我应该通过线性探测来实现我自己的哈希表,但是我在使用 remove 函数时遇到了问题。它无法正常工作,但我无法查明问题:
public void remove(Student s){
if(s==null) throw new NullPointerException("Student is null"); /*check if student is null*/
if (!contains(s)){ /*stop if students is not in table*/
throw new NullPointerException();
}
int i = hashFunction(s);
for(int j = 0; j<array.length; j++){
if(s.equals(array[j])){ /*found student*/
array[j]=null; /*delete student*/
break;
}
}
for(int k= i; k<array.length; k++){ /* find out if next element exists, if yes, move it to the gap of deleted student */
if(!(array[k]==null)){
int tempnext= hashFunction(array[k]);
if(i <= tempnext){
array[i]=array[tempnext];
}
}
}
}
我的调试器将此显示为输出,因此很明显我的方法存在表格中的空白问题:
Start:
Array-Indices: [ 0] [ 1] [ 2] [ 3] [ 4] [ 5] [ 6] [ 7]
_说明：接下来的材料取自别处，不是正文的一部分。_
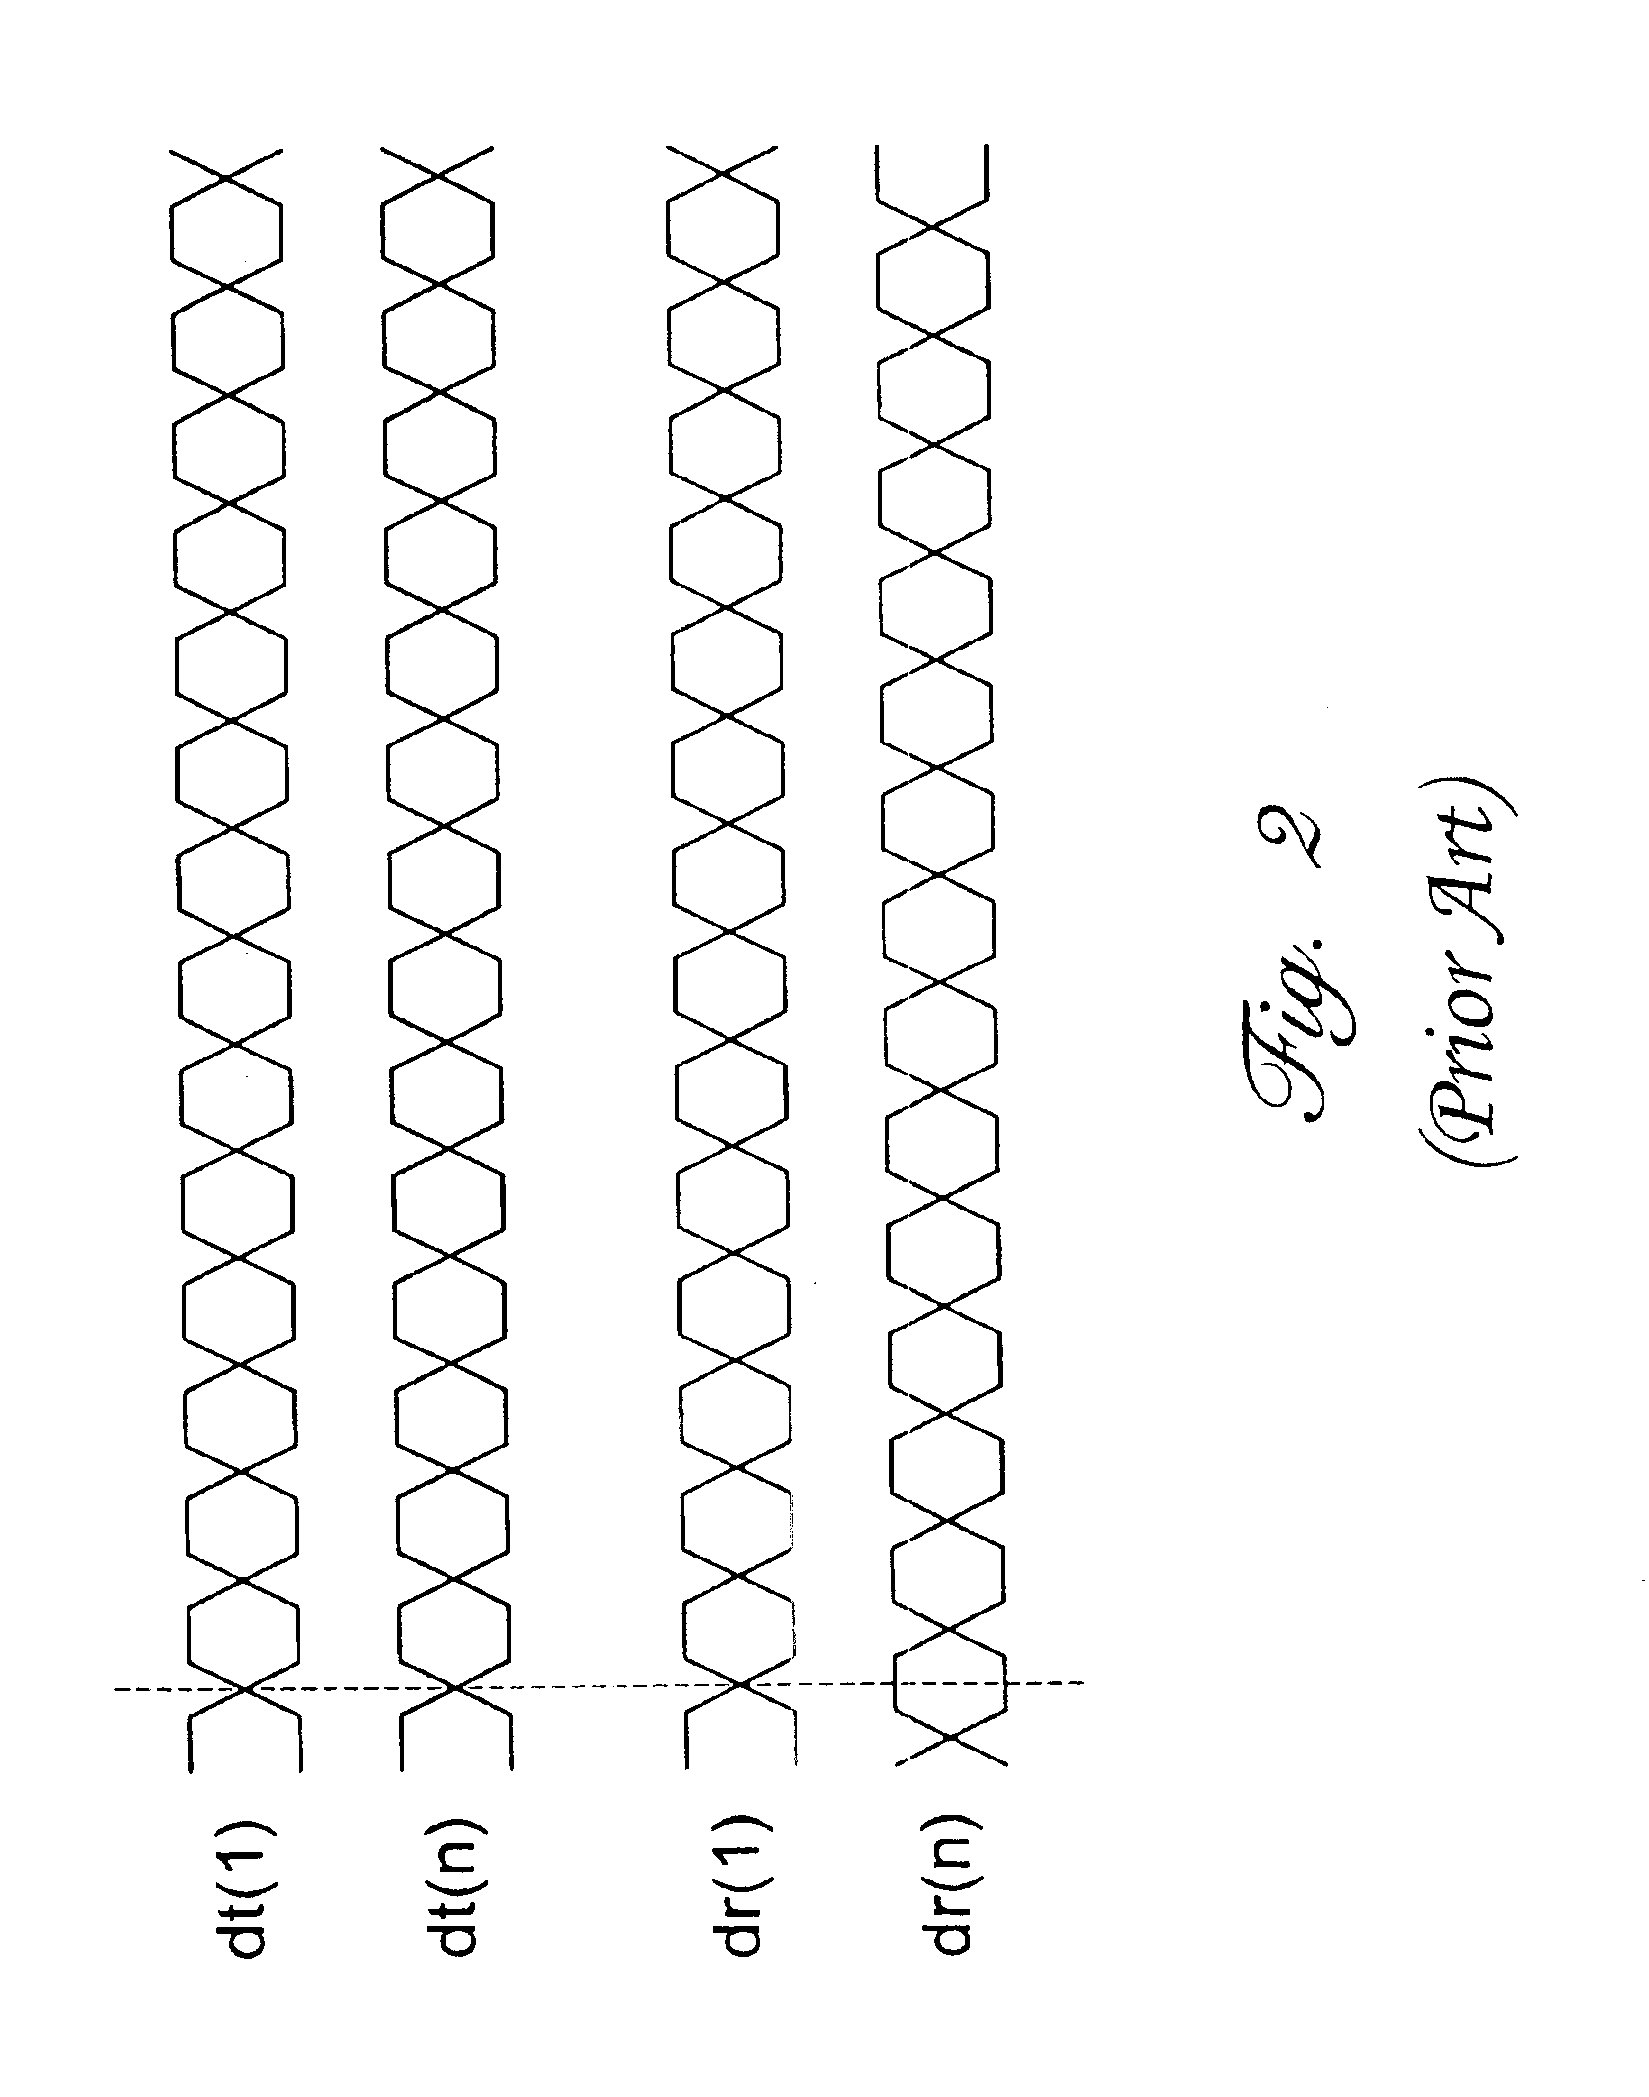 Multi-link receiver for processing multiple data streams

Hash-Values: [ 6] [ 1] [__] [ 6] [ 0] [ 5] [ 3] [ 0]
Number: [ 9] [ 6] [__] [ 2] [ 3] [ 4] [ 5] [ 8]
Removing s6
Array-Indices: [ 0] [ 1] [ 2] [ 3] [ 4] [ 5] [ 6] [ 7]
Hash-Values: [ 6] [ 6] [__] [ 6] [ 0] [ 5] [ 3] [ 0]
Number: [ 9] [ 2] [__] [ 2] [ 3] [ 4] [ 5] [ 8]
Removing s5
Array-Indices: [ 0] [ 1] [ 2] [ 3] [ 4] [ 5] [ 6] [ 7]
Hash-Values: [ 6] [ 6] [__] [ 5] [ 0] [ 5] [__] [ 0]
Number: [ 9] [ 2] [__] [ 4] [ 3] [ 4] [__] [ 8]
提前感谢您的帮助!